You have to bear in mind that this view is diametrically opposed to the principle of separating presentation and content on which CSS, the HTML content-markup elements and so on were based.
You can have a separation of presentation and content while still targeting a specific medium, the separation doesn't automatically mean that the content is fitting for every medium.
And the elements used here show that pretty clearly. When just regarding HTML and ignoring CSS, you can see its elements that are made for other mediums than paper. It is Hyper Text after all, not Text.
And when just regarding CSS, you have all those elements that are of no use on paper, like position: fixed.
Or just think of the issue in responsive design of wanting to have another, shorter text for mobile devices. There, even the content alone is not fitting for the medium, regardless of the presentation.
Unfortunately, reading on paper is an order-of-magnitude better than reading on the screen. I have consistently noted that:
1. I absorb the material better when reading in printed form, not sure why. 2. My eyes strain less. 3. I find three times more typos (when proof-reading my own stuff), not sure why. 4. Annotating and highlighting is doable (possible on screen, but does not even compare to the same on paper). 5. Moving back and forth within the material is a lot better.
Not that I like hurting nature, but technology doesn't yet offer a suitable replacement here. E-Ink helps but fails on #4 till better products (like Sony's recently announced E-reader) show up and are less costly (Sony's priced at $1000+). Also, moving content to the new device needs to be at least as convenient as printing (and while staying within the firewall).
>> It is normally meant to be read with an electronic device
This is exactly what OP is questioning, and I fully agree.
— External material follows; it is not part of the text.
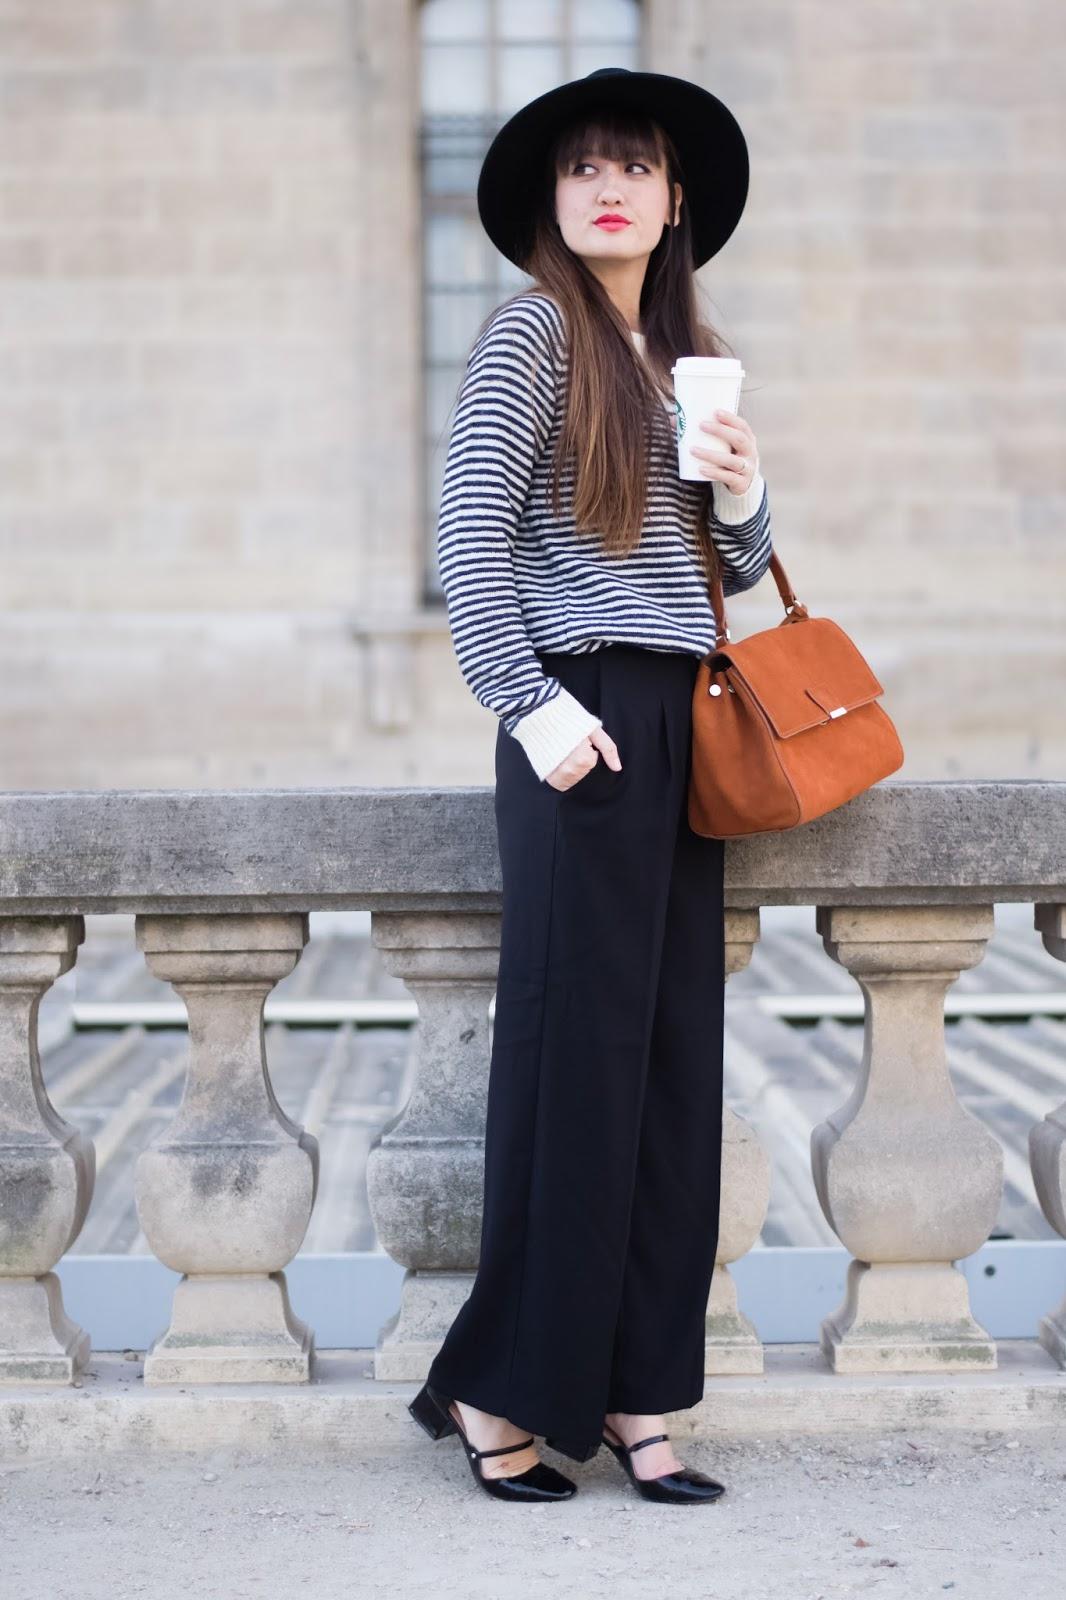 Parisian fashion blogger, look, style, mode, chic Parisian style, Nikita Wong, street style

Why is this normal?!
>> to be interactive and linked, though those devices can be quite different of course.
I am web newbie. But I wonder about mankind spending so much effort on making web pages "responsive" based on the screen sizes of the various devices, and yet, not applying the same techniques to printing.
Column widths are standardized in print, magazine, and books for a reason: to minimize eye movement required. The larger that web screens get, the broader the column lengths often are, which forces more eye movement, which causes eye strain, which requires vision interruption, which impedes reading comprehension.
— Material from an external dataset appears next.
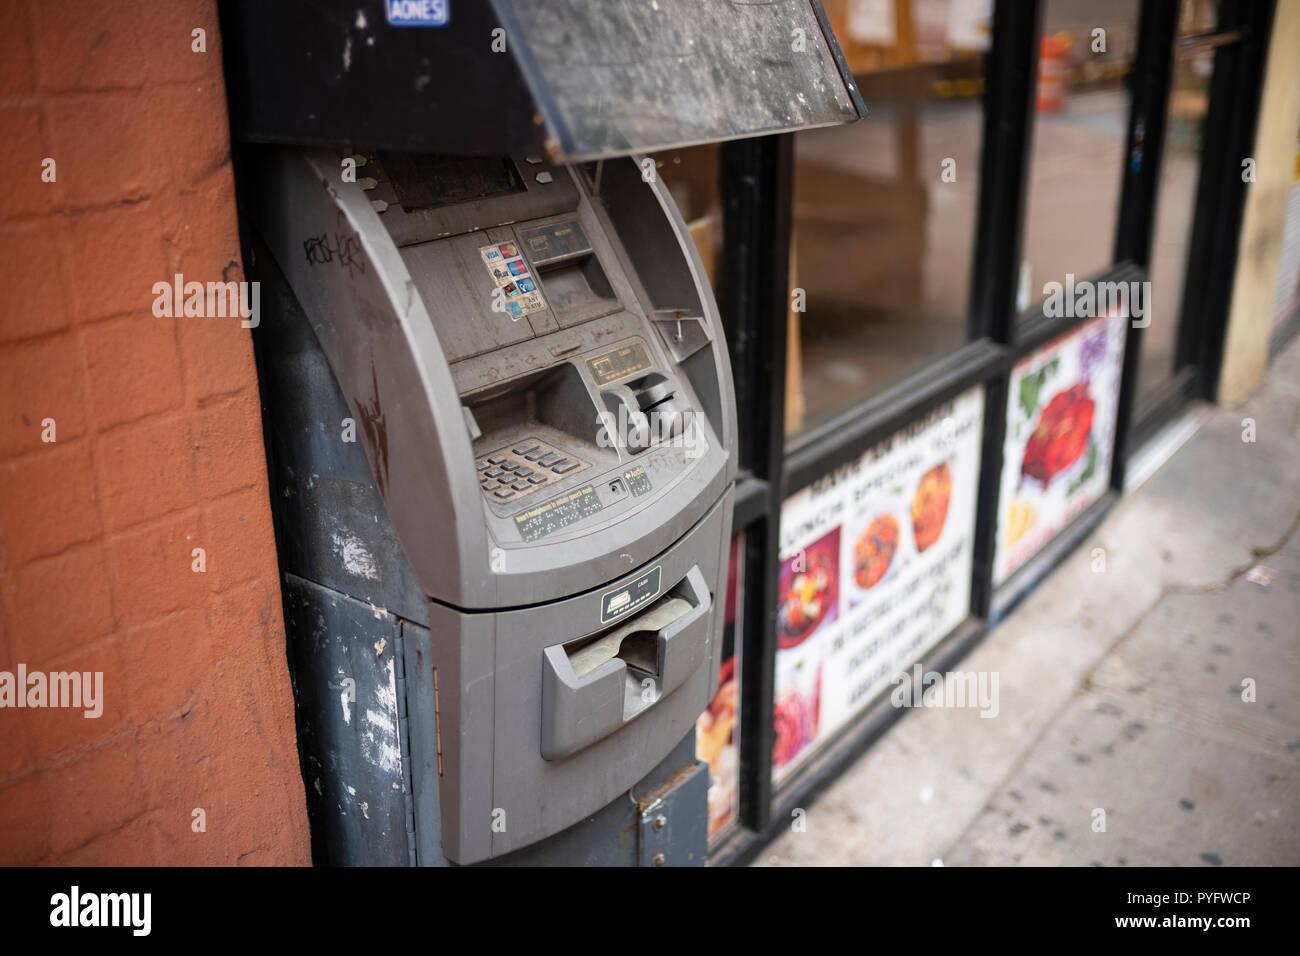 L'argent comptant est-il mort? Une ancienne machine ATM, Hell's Kitchen, New York City, New York. Photo Stock

Smart phones are great for short articles because the screens are roughly the width of a newspaper column. It forces the text into an appropriate width, rather than expanding to fit the available monitor space like many websites do.
Screens also tend to cause eye strain.
Even if you do make pages responsive, chances are that the user will not realize that they should be using a skinny window or that they should shrink the text. Further, commercial web publications tend to optimize for maximized windows to display ads.
In print, we have hundreds of years of professional readability and layout experience. On the web we have some cobbled together standards. Most people who are responsible for handling web design aren't layout/typography/etc. specialists. So really basic mistakes get made all the time and few people notice them because our knowledge base has effectively eroded because there are so many other priorities to worry about on the web.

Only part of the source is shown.